« Des chars turcs sur le Golan, des frégates face à Césarée » : l'avertissement du renseignement
Une source haut placée au sein du renseignement israélien a averti que sans lignes rouges claires vis-à-vis d'Ankara, Israël pourrait faire face à une présence militaire turque sur le Golan et en Méditerranée. En toile de fond : l'implantation turque en Syrie.
Une source très haut placée au sein du renseignement israélien a averti cette semaine que sans lignes rouges claires vis-à-vis de la Turquie en Syrie et en Méditerranée orientale, Israël pourrait se retrouver face à « des chars turcs sur le plateau du Golan et des frégates turques face aux côtes de Césarée ». Cet avertissement a été rapporté par le chercheur David M. Weinberg dans une chronique publiée dans le « Jerusalem Post ». Weinberg lie cet avertissement aux conclusions de la commission Nagel de 2025, qui mettait en garde contre les ambitions régionales de la Turquie et la possibilité d'une confrontation directe avec Israël.
Le rapport de la commission indiquait qu'Israël devait se préparer à faire face aux forces syriennes et aux forces supplétives identifiées à Ankara, avertissant que « la menace venant de Syrie pourrait se transformer en quelque chose d'encore plus dangereux que la menace iranienne ». Selon Weinberg, la menace la plus immédiate pourrait venir de la mer. Il souligne le renforcement continu de la marine turque et les tensions entourant les gisements de gaz en Méditerranée orientale. La Turquie possède des dizaines de frégates, de destroyers et de navires de débarquement, ainsi que 12 sous-marins, et elle poursuit la construction de nouvelles unités. À l'inverse, la marine israélienne est nettement plus petite, exploitant 15 navires lance-missiles, six sous-marins et environ 12 patrouilleurs.
Ankara reconstruit la Syrie
L'inquiétude présentée par Weinberg s'inscrit dans un tableau plus large de l'implantation turque en Syrie. Ankara cherche à construire un État fort et fonctionnel, s'assurant une influence profonde sur ses mécanismes de sécurité. La Turquie est intéressée par une armée syrienne opérationnelle, le confinement des forces kurdes et la stabilité le long de sa frontière sud. À Jérusalem, on perçoit cela comme une menace : une nouvelle armée syrienne, construite avec l'aide de la Turquie et dépendante d'elle, accorderait à Ankara une profondeur stratégique et pourrait limiter la liberté d'action de l'armée de l'air israélienne.

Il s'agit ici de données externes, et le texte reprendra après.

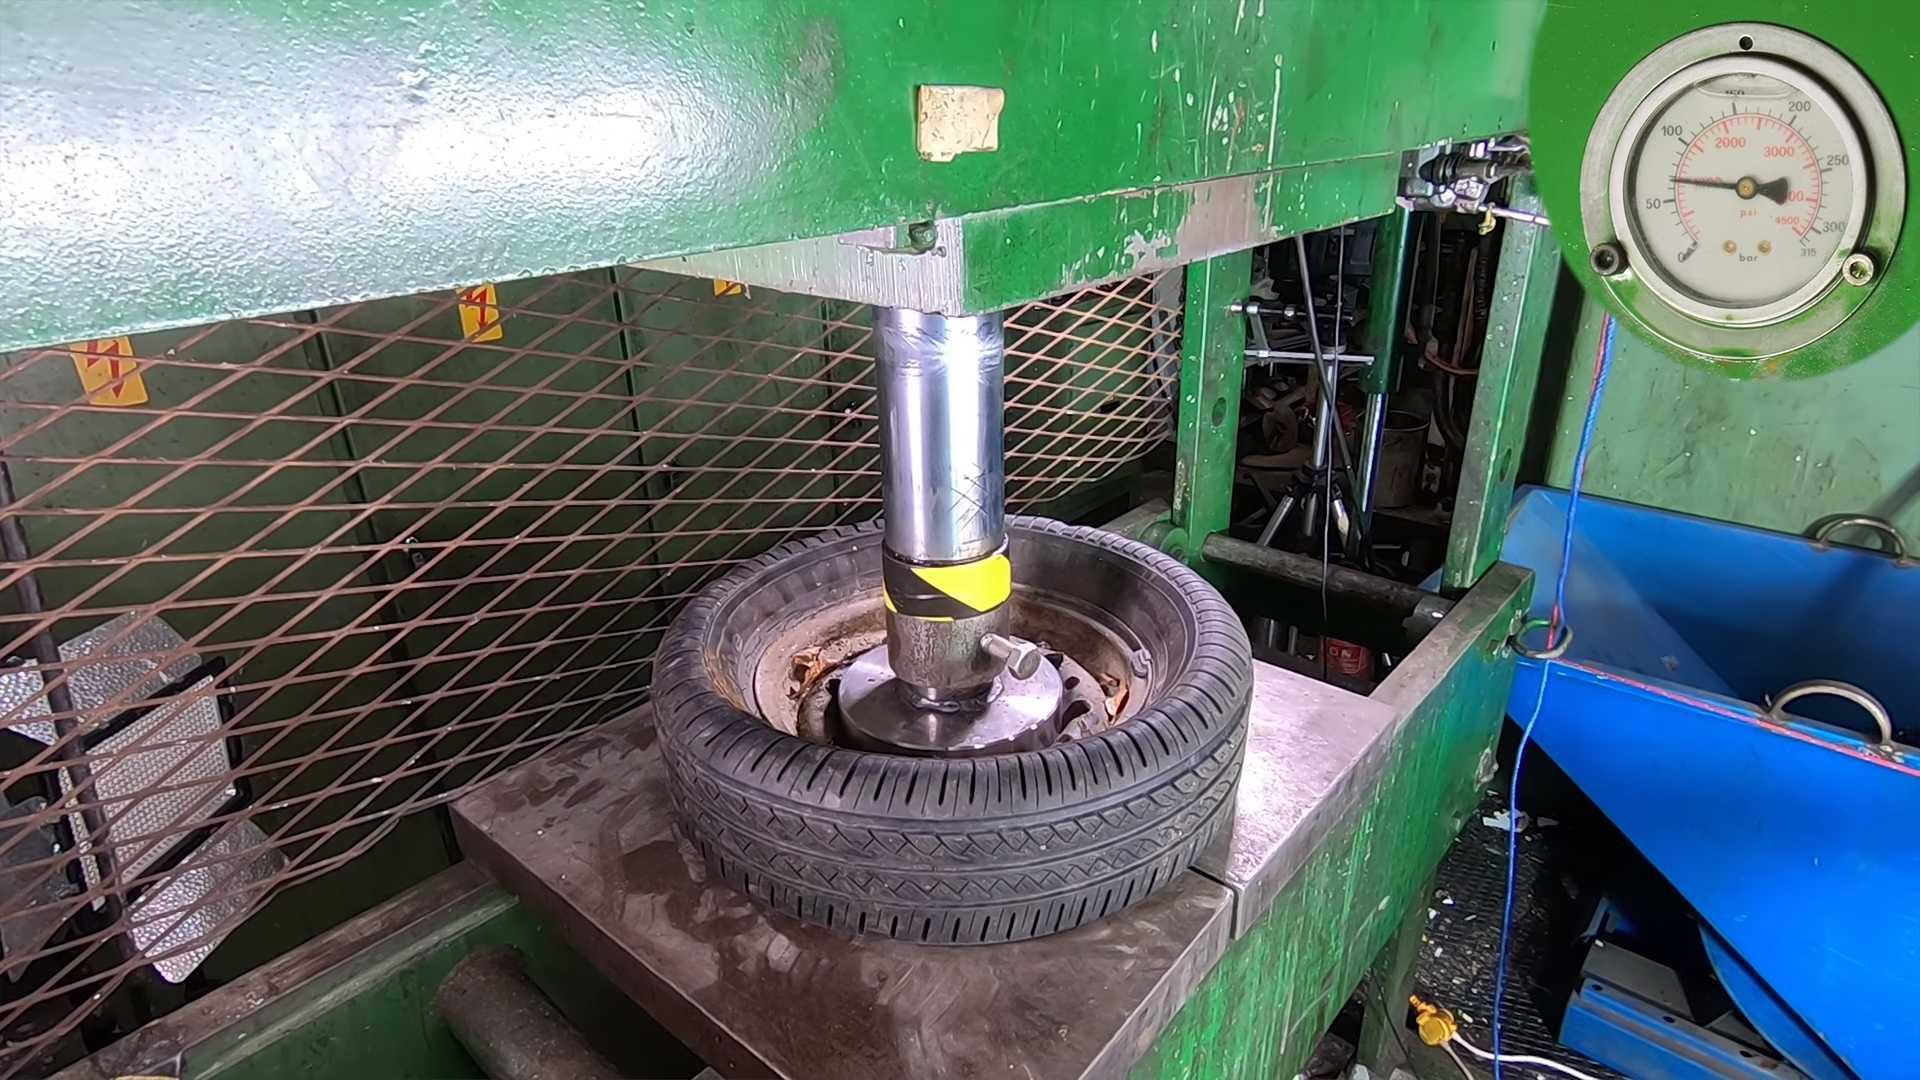 wheel-crushed-in-hydraulic-press Ce fel de roata este mai rezistenta? Janta de otel vs janta de aliaj
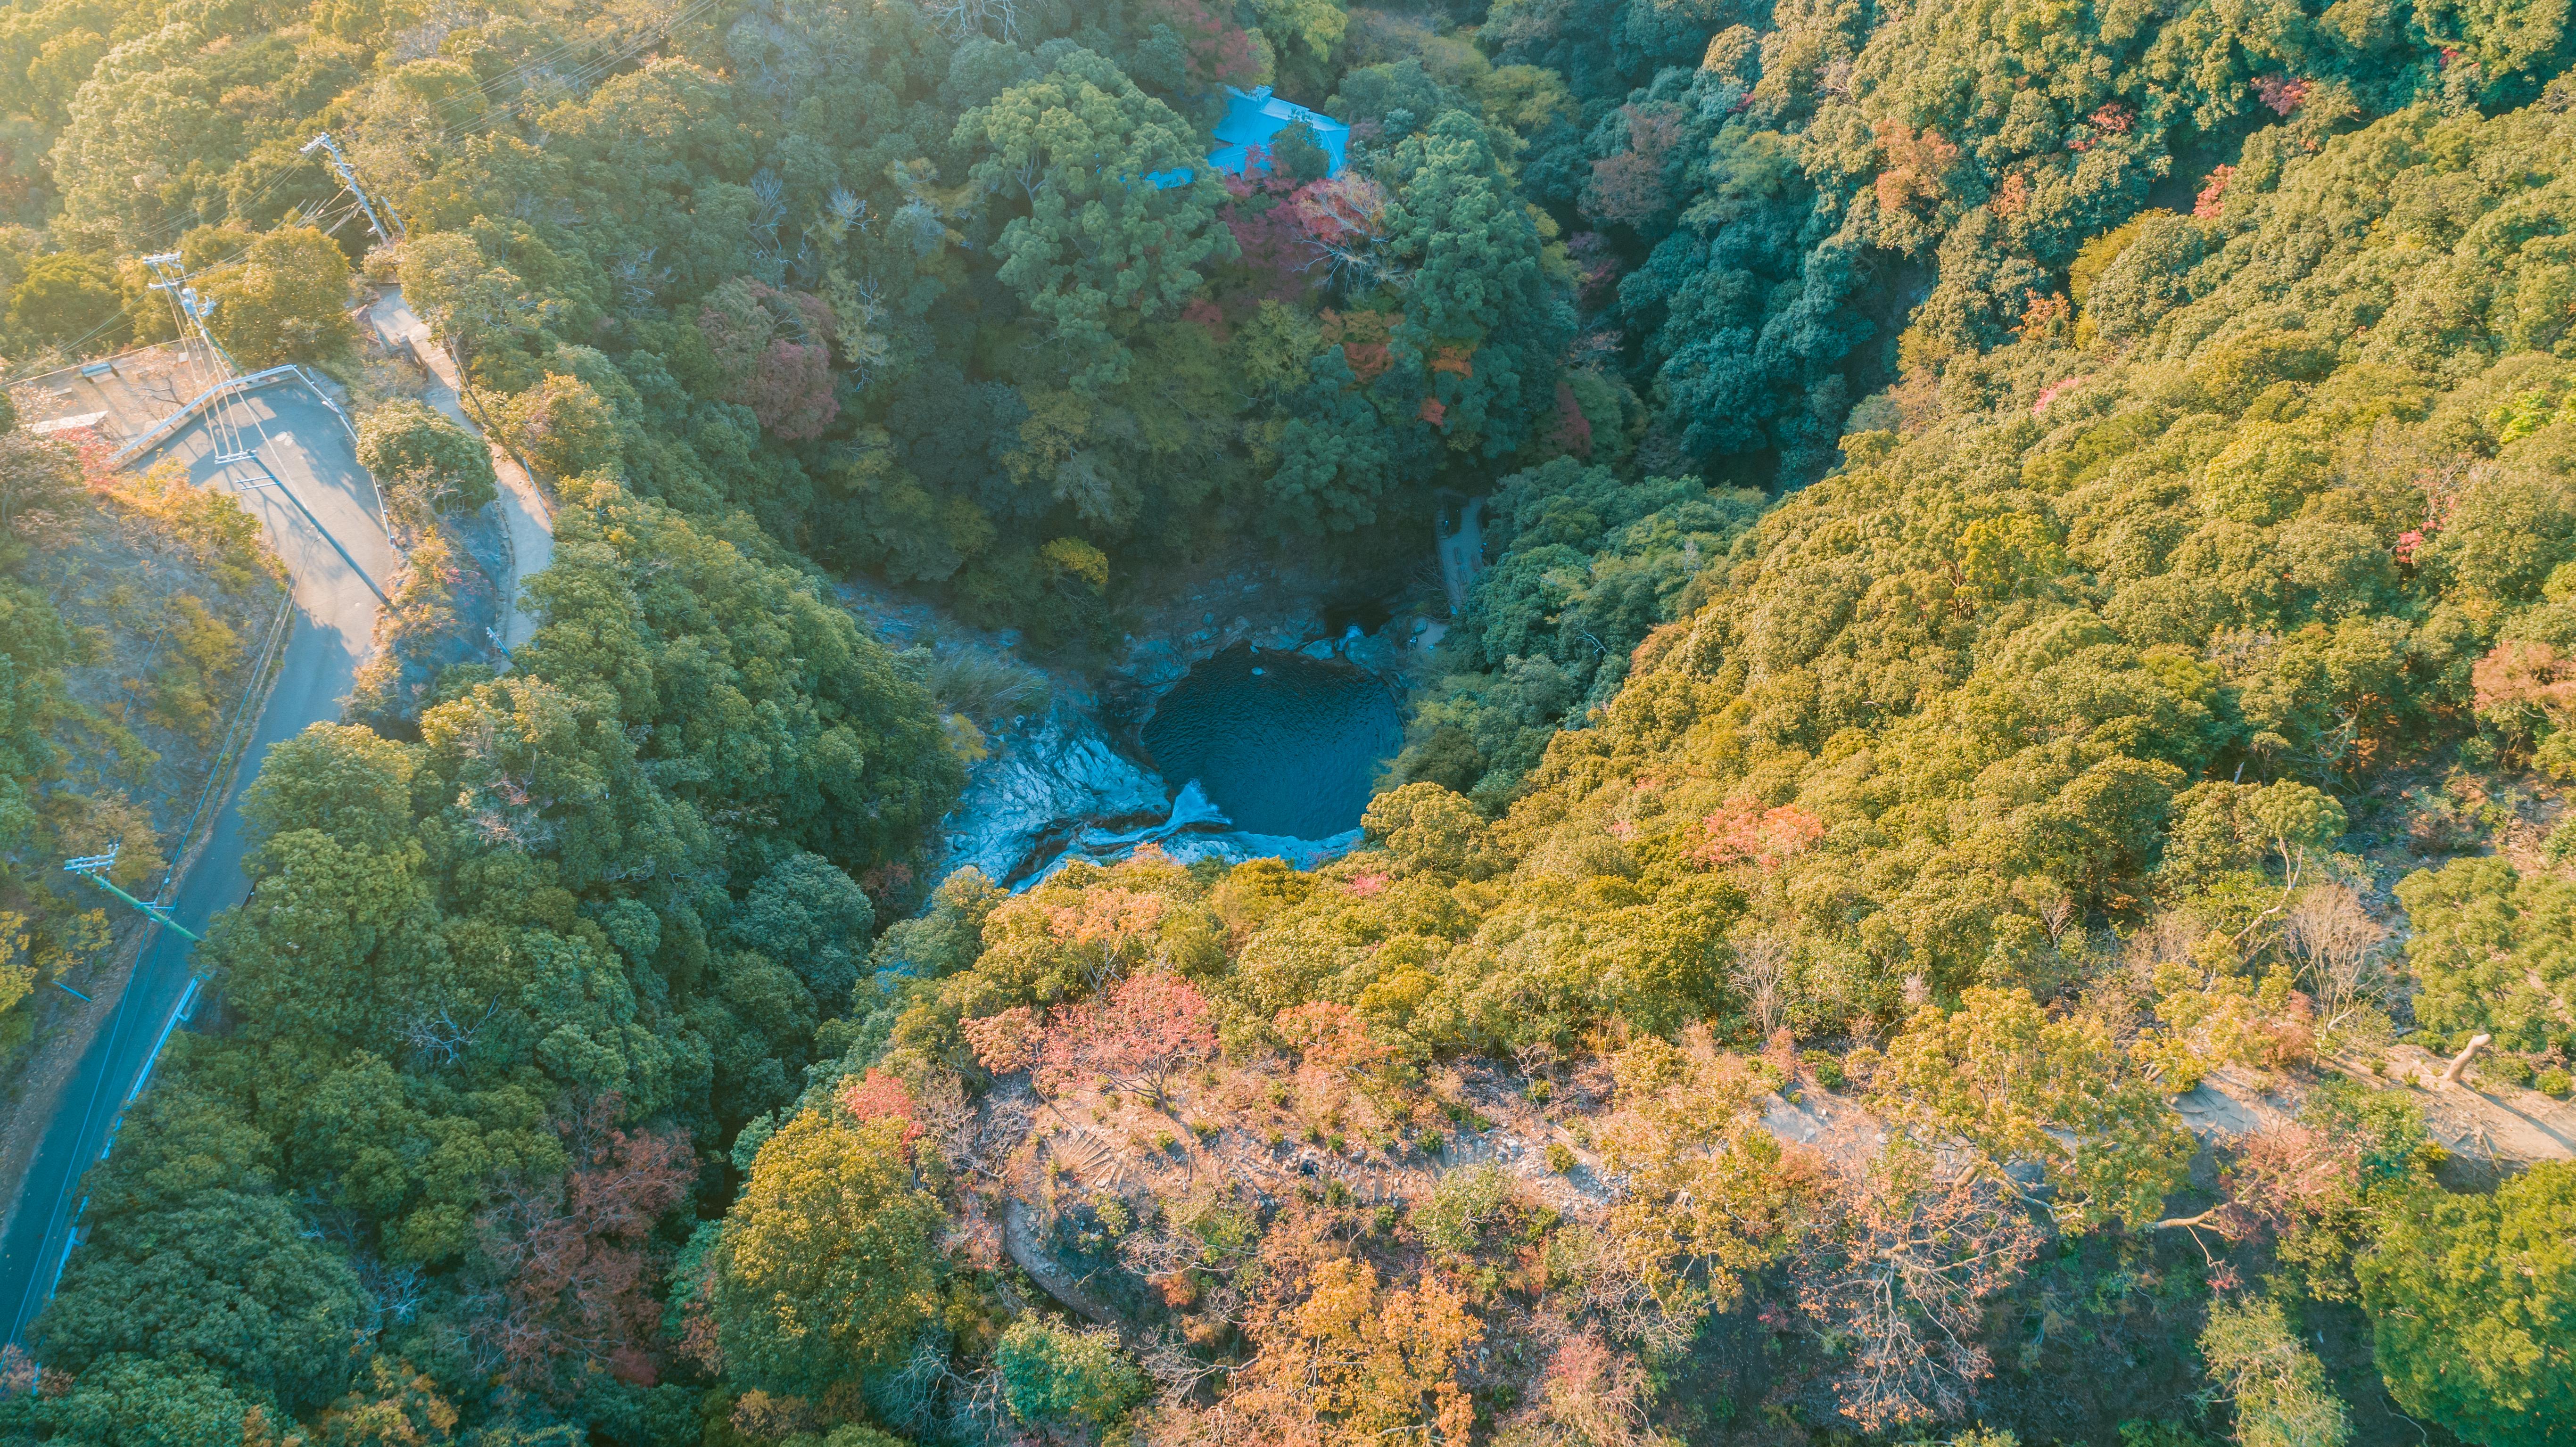 布引の滝 神戸 新神戸駅 新神戸 滝 日本の滝百選 登山 山登り

L'Iran et la Russie se sont considérablement affaiblis en Syrie, mais la Turquie a comblé le vide. Contrairement à l'Iran, il est beaucoup plus difficile de l'en expulser : c'est une puissance régionale dotée d'une grande armée conventionnelle et de liens étroits avec Washington. Israël n'est pas intéressé par la réhabilitation d'une puissance militaire syrienne sous l'égide du président Recep Tayyip Erdogan.
La logique derrière l'attaque à Abou al-Duhour
Dans ce contexte, on peut comprendre la logique israélienne dans l'attaque de la base d'Abou al-Duhour. Si Jérusalem a estimé que la base était sur le point de devenir un actif militaire turc, il était avantageux d'agir avant que le site ne soit occupé par des forces significatives. Une fois des soldats ou des systèmes de défense turcs stationnés, une attaque israélienne similaire pourrait conduire à une confrontation directe avec un membre de l'OTAN.
Le défi central pour Israël sera politique : déterminer avec la Turquie quelles capacités ne seront pas stationnées en Syrie, jusqu'où sa présence militaire pourra s'étendre et comment empêcher qu'une rencontre entre les deux armées de l'air ne se transforme en confrontation directe.